Gaji yang memadai bukan sekadar "mencari uang," melainkan bentuk penghargaan atas kompetensi dan pengabdian mereka. Kesejahteraan yang terjamin akan memungkinkan guru untuk lebih fokus dalam mendidik tanpa dibebani oleh masalah finansial. Sebuah penelitian menunjukkan bahwa guru yang memiliki kesejahteraan yang baik cenderung lebih produktif, kreatif, dan inovatif dalam mengajar. Sebaliknya, guru yang hidup dalam kesulitan ekonomi akan sulit untuk memberikan yang terbaik.
Pernyataan Menag juga secara implisit menunjukkan adanya ketidakpahaman terhadap dinamika profesi di era modern. Membandingkan guru dengan pedagang adalah perbandingan yang tidak setara. Keduanya memiliki fungsi yang berbeda dalam masyarakat. Pedagang berorientasi pada keuntungan, sementara guru berorientasi pada pembangunan manusia. Namun, bukan berarti profesi yang tidak berorientasi pada keuntungan tidak membutuhkan penghasilan yang layak.
"Padahal kami bukan cari (banyak) uang, cuma cari hidup yang lebih layak aja sih," komentar salah satu pengguna akun media sosial menyoroti kontroversi ini.
"Jika guru adalah profesi yang mulia, maka sudah kewajiban pemerintah untuk menyejahterakan para guru Indonesia. Kami para pendidik, tidak minta kaya, cuma minta gaji yang layak. Jangan disebut profesi yang mulia, tuntutan profesi yang tinggi, tapi gaji cuma sekadar apresiasi."
"Kalau guru alih profesi jadi pedagang, jadi apa negeri ini?"
Kontroversi ini sejatinya membuka ruang diskusi yang lebih luas tentang posisi guru dalam masyarakat. Guru adalah pilar utama dalam pembangunan bangsa, dan investasi pada kesejahteraan guru adalah investasi pada masa depan generasi. Pemerintah dan masyarakat harus bersama-sama memastikan bahwa profesi guru tidak lagi dipandang sebagai profesi "nawaitu" atau pengabdian semata, melainkan sebagai profesi strategis yang harus dihargai dan dijamin kesejahteraannya.

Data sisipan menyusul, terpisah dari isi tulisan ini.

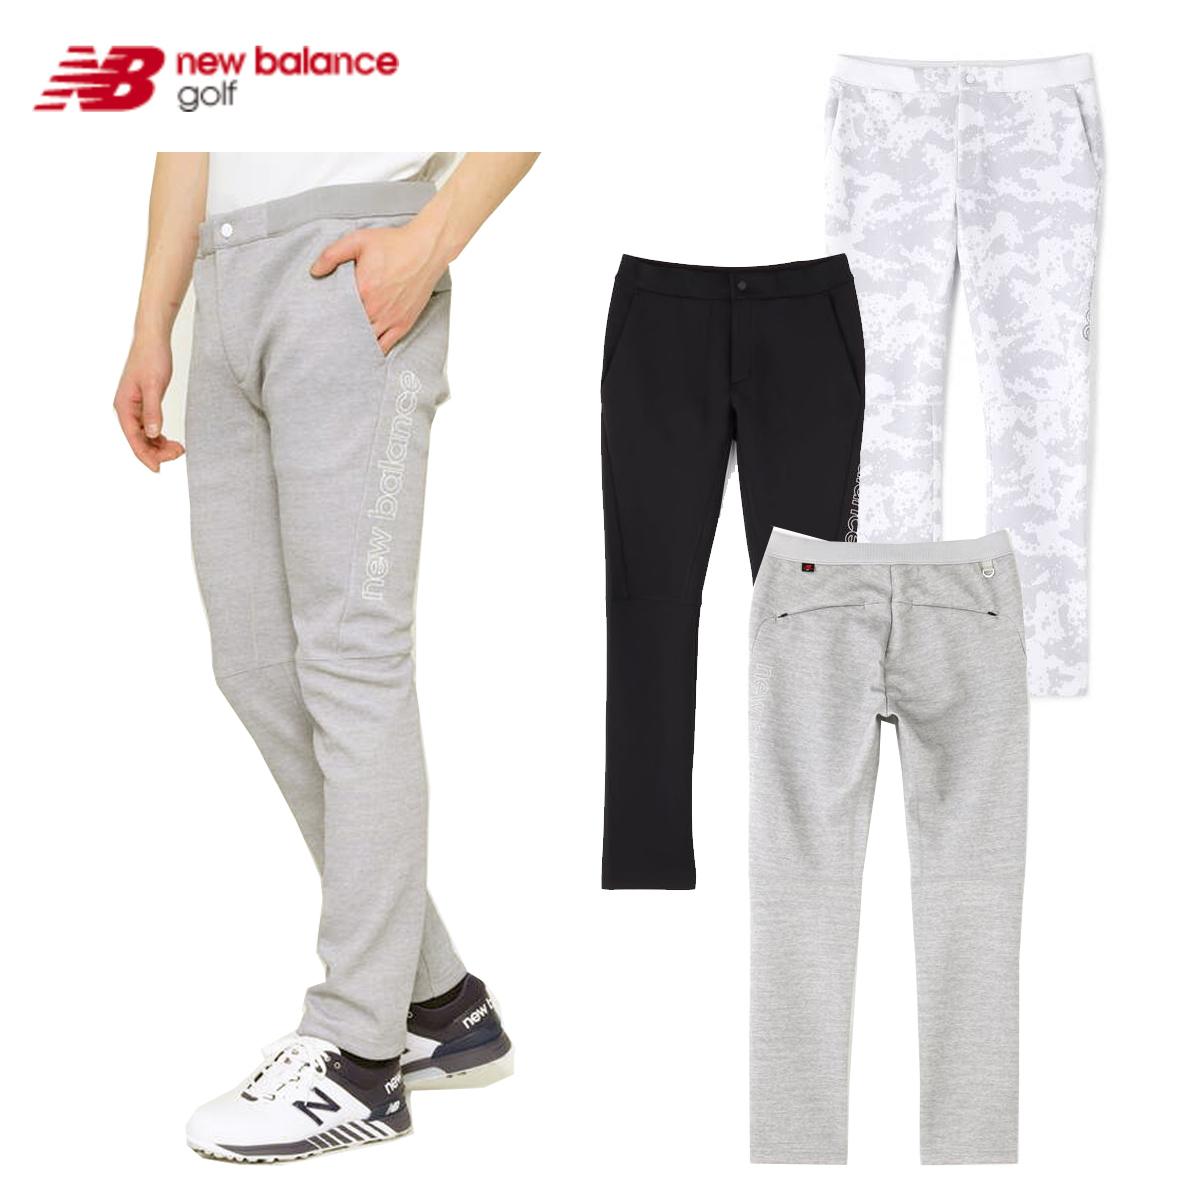 ニューバランスゴルフ ゴルフウェア パンツ メンズ new balance golf スウェットロングパンツ MENS SPORT 2020SS 正規品
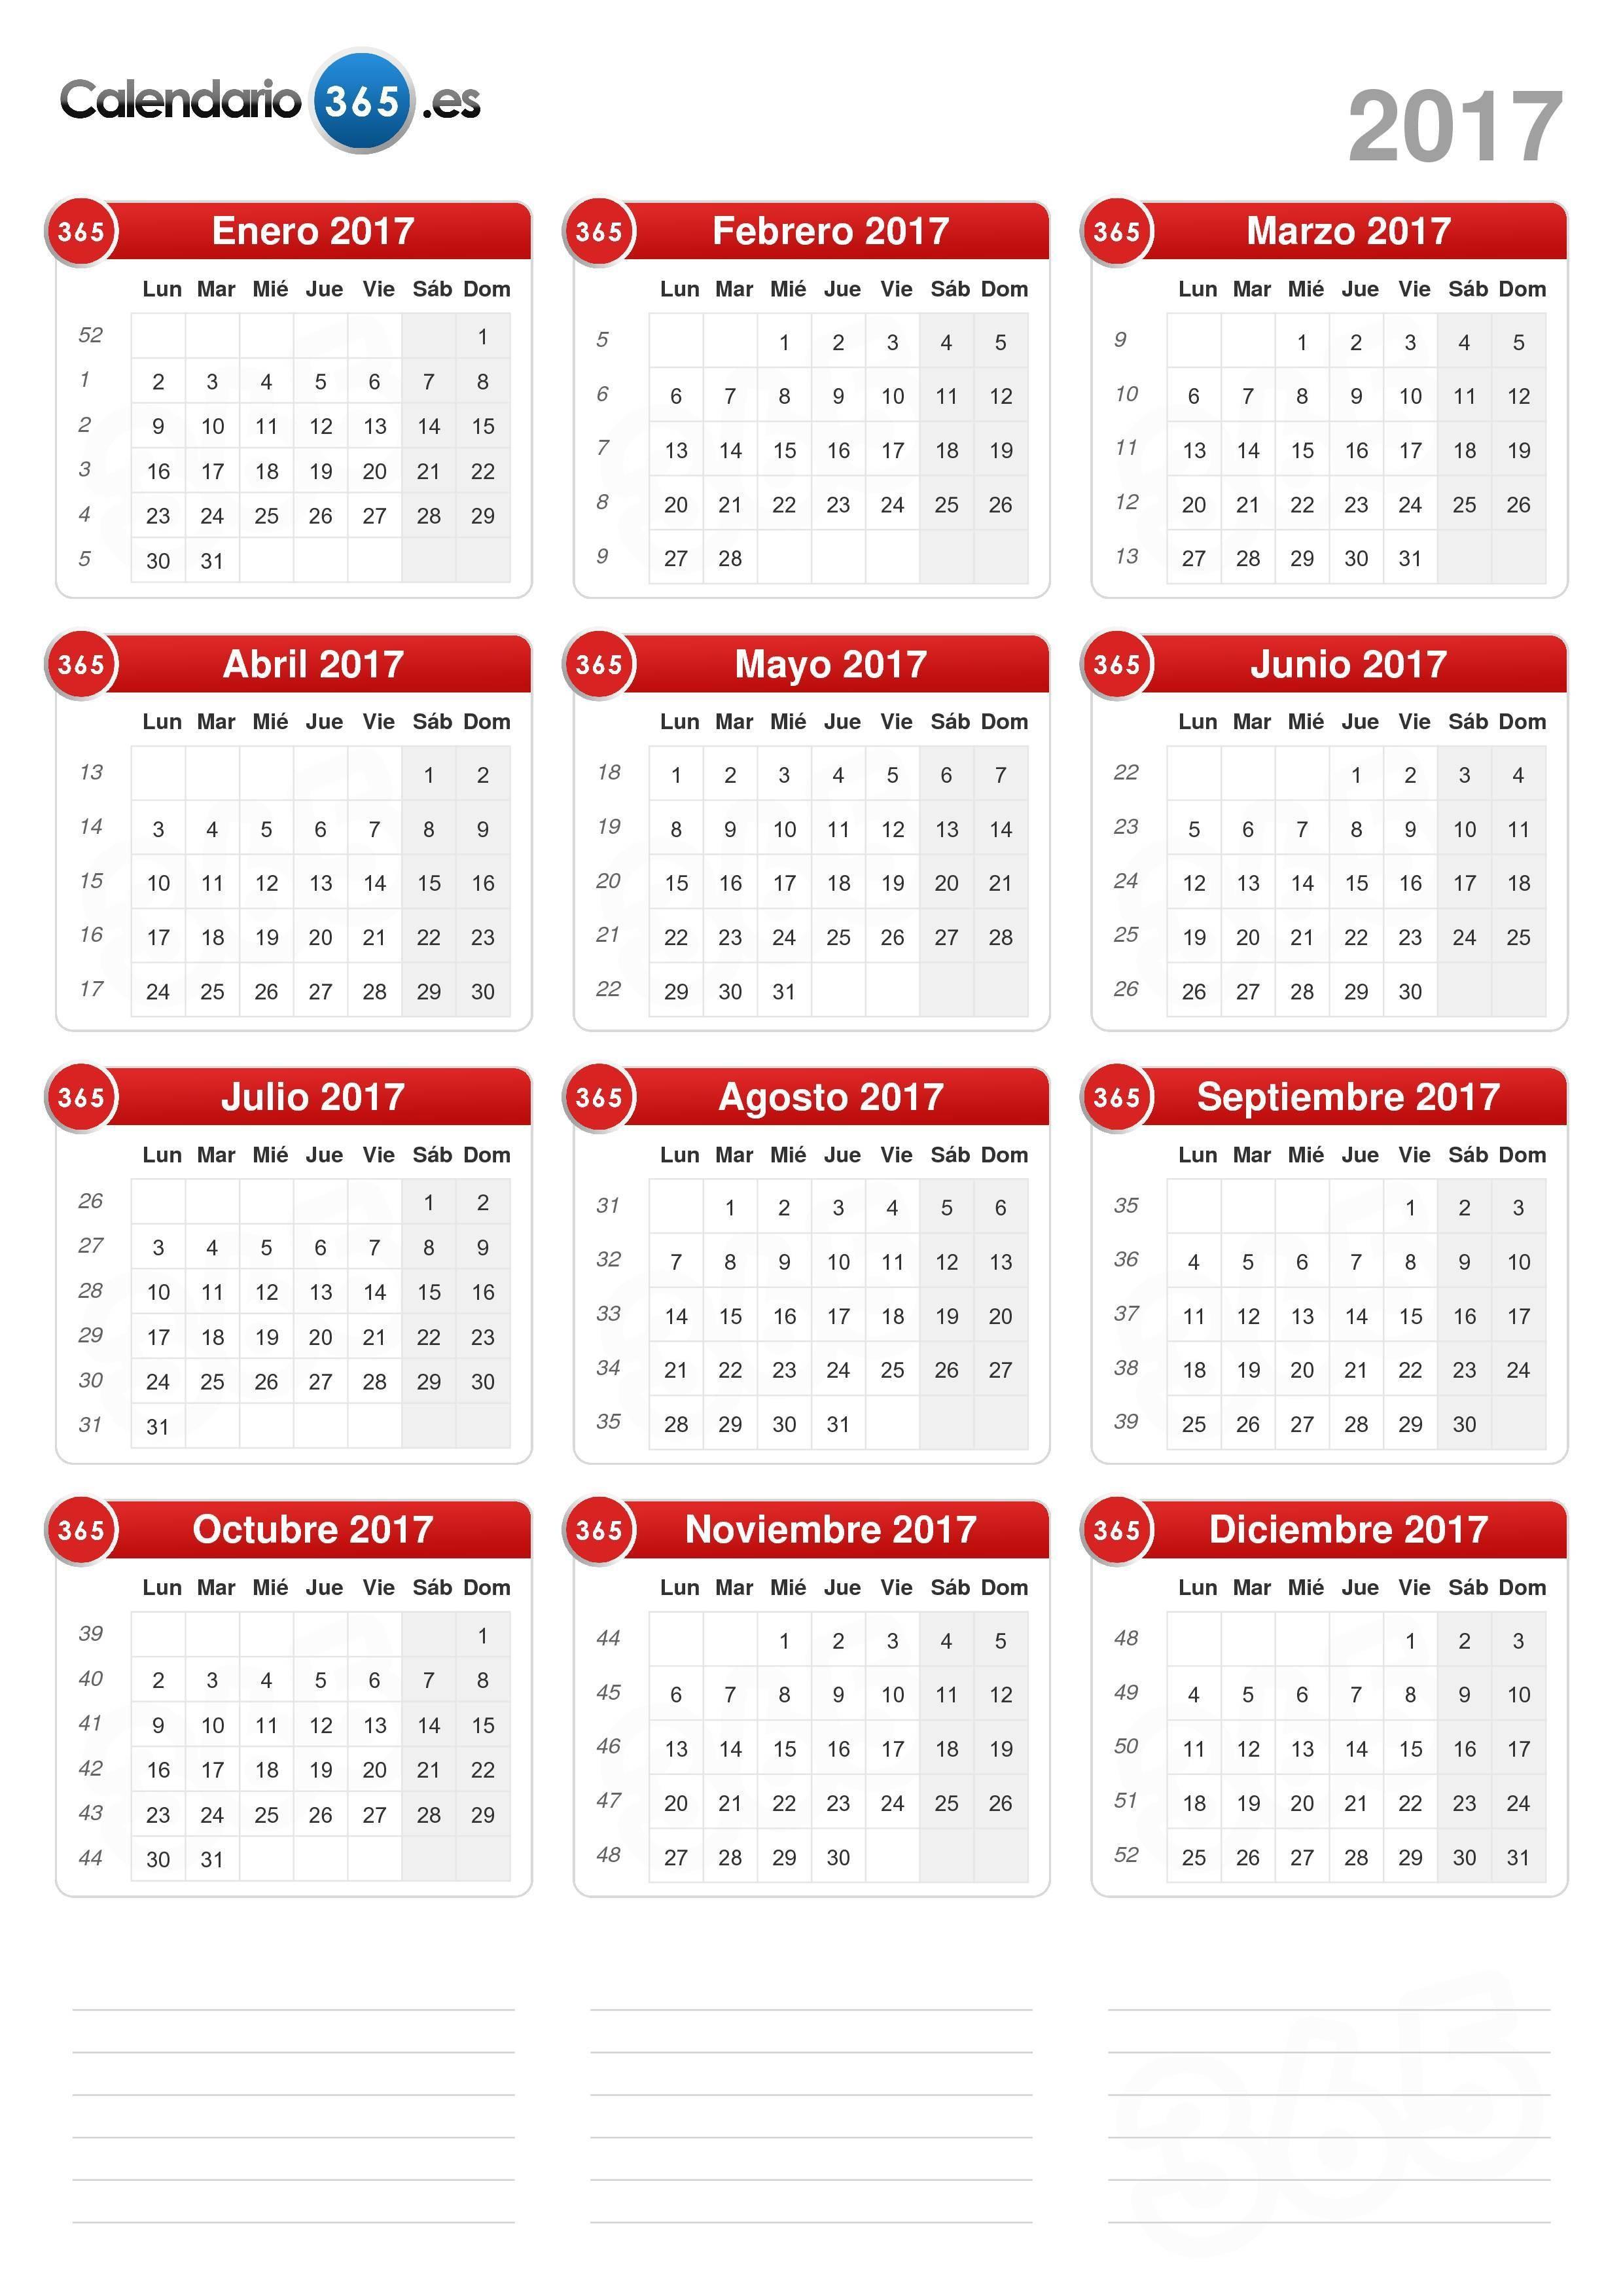 Calendario En Argentina Año 2019 Más Caliente Calendario 2017 Of Calendario En Argentina Año 2019 Recientes Ajedrez Con Humor

Klarifikasi dan permintaan maaf yang disampaikan oleh Menteri Agama, Nasaruddin Umar, menunjukkan bahwa ia menyadari dampak dari pernyataannya. Ia menegaskan bahwa tidak ada niat untuk merendahkan profesi guru dan ia sangat memahami tantangan yang dihadapi oleh para pendidik. Kontroversi ini setidaknya memberikan pelajaran berharga bagi kita semua: menghargai profesi guru tidak hanya dengan kata-kata mulia, tetapi juga dengan tindakan nyata yang menjamin kesejahteraan dan martabat mereka.
Meski di berbagai tempat, kita masih sering menemukan guru-guru yang tidak mendapat gaji yang sesuai, bahkan tidak dibayar dalam waktu yang cukup lama, tapi masih terus mengabdi untuk mencerdaskan anak bangsa seharusnya menjadi evaluasi penting pemerintah untuk memprioritaskan keterpenuhan kebutuhan pendidikan yang menyeluruh.
Pernyataan Menag mungkin sudah diklarifikasi dan dimaafkan, tetapi jejaknya tetap menjadi pengingat pahit. Ia menyingkap kegagalan sistem dalam menghargai guru sebagai profesional, bukan sekadar pengabdi. Ini bukan lagi soal pengabdian, melainkan soal keadilan. Pertanyaannya, kapan Indonesia benar-benar akan berinvestasi penuh pada profesi guru, alih-alih hanya mengandalkan idealisme mereka?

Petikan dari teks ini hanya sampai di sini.